KAS DOKUSUNDA ARTIŞ NASIL ANLAŞILIR?
Kas dokusunu artırmak için, doğru besin tüketimini artırmak kadar egzersiz yapmanın da önemini unutmamalı. Şayet besin tüketimi arttığı halde egzersiz yapılmazsa yağ dokusu artar. Kas hücrelerinin gelişimini uyarmak için, yoğun kas çalışması ve kuvvet antrenmanları yapmak gerekiyor. Kas artışı için çoğunlukla tartı aletlerine bakılır fakat eğer tartının böyle bir özelliği yoksa ağırlık artışının kas ağırlığı mı yağ ağırlığı mı olduğu anlaşılmaz. Bunu belirleyebilmek için, ağırlık antrenmanı öncesi vücut yağ yüzdesi ölçülmeli. Eğer yağ dokusu artmışsa, vücut yağ yüzdesi artar. Eğer kas dokusunda artış olursa, vücut yağ yüzdesi değişmez veya azalır.

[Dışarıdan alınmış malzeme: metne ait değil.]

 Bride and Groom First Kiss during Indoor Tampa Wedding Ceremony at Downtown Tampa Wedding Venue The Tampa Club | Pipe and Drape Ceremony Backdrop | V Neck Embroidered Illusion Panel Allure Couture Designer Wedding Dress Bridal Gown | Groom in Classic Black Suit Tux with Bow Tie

SPOR ÖNCESİNDE NASIL BESLENMELİ ?
Spor yapan bir kişi ne aç karnına ne de tok karnına spor yapmalıdır. Ana öğünleri egzersizden en az 3-4 saat önce, ara öğünleri de en az 1-2 saat öncesinde almanızı öneriyoruz. Yiyecek seçimleriniz kolay sindirilebilir ve emilebilir olmalı. Glisemik indeksi yüksek ve şekerli gıdalar egzersizden önce alınmamalı. Yüksek glisemik indekse sahip (şeker içeriği yüksek) gıdalar insülin seviyelerini artırır ve yağ yakımı engellenir. Dolayısıyla egzersiz öncesinde düşük yağ içerikli, kompleks karbonhidratlı gıdaları tercih etmelisiniz.

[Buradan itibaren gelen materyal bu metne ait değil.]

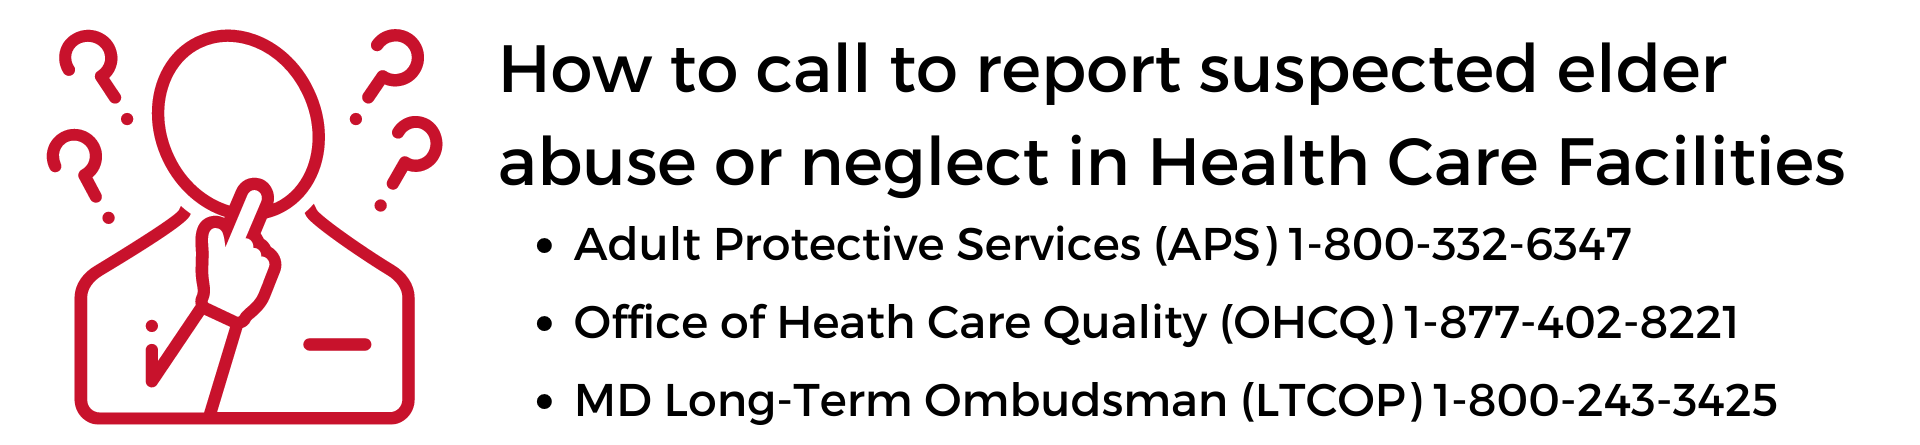 How to report suspected elder abuse or neglect in Health Care Facilities.png

EGZERSİZ ÖNCESİNDE TERCİH EDİLEBİLECEK BESİNLER;
- Şeker içeriği düşük yulaf veya müsli ve yarım yağlı süt
- 3-4 adet kepekli peksimet yanında yağsız yoğurt
- Meyve yanında yarım yağlı yoğurt
- Meyveli süt yanında 2-3 adet ceviz içi veya badem
- Meyveli yoğurt ve badem
- Tam tahıl ekmek, yağsız üçgen peynir ve yağsız süt
SPOR SONRASINDA NASIL BESLENMELİ ?
Egzersiz yapanların öncelikli olarak uyması gereken kural, öğün disiplinidir. Düzenli olarak yenilen ana öğünlerin dışında ilave olarak ara öğünler, vücuda gerekli enerji düzeyini sağlar ve glikojen deposunu dolu tutar. Bu şekilde kasları koruyup yağ yakmak kolaylaşır. Egzersiz sonrasındaki besin seçimleri egzersizden alacağınız verim açısından oldukça önemli.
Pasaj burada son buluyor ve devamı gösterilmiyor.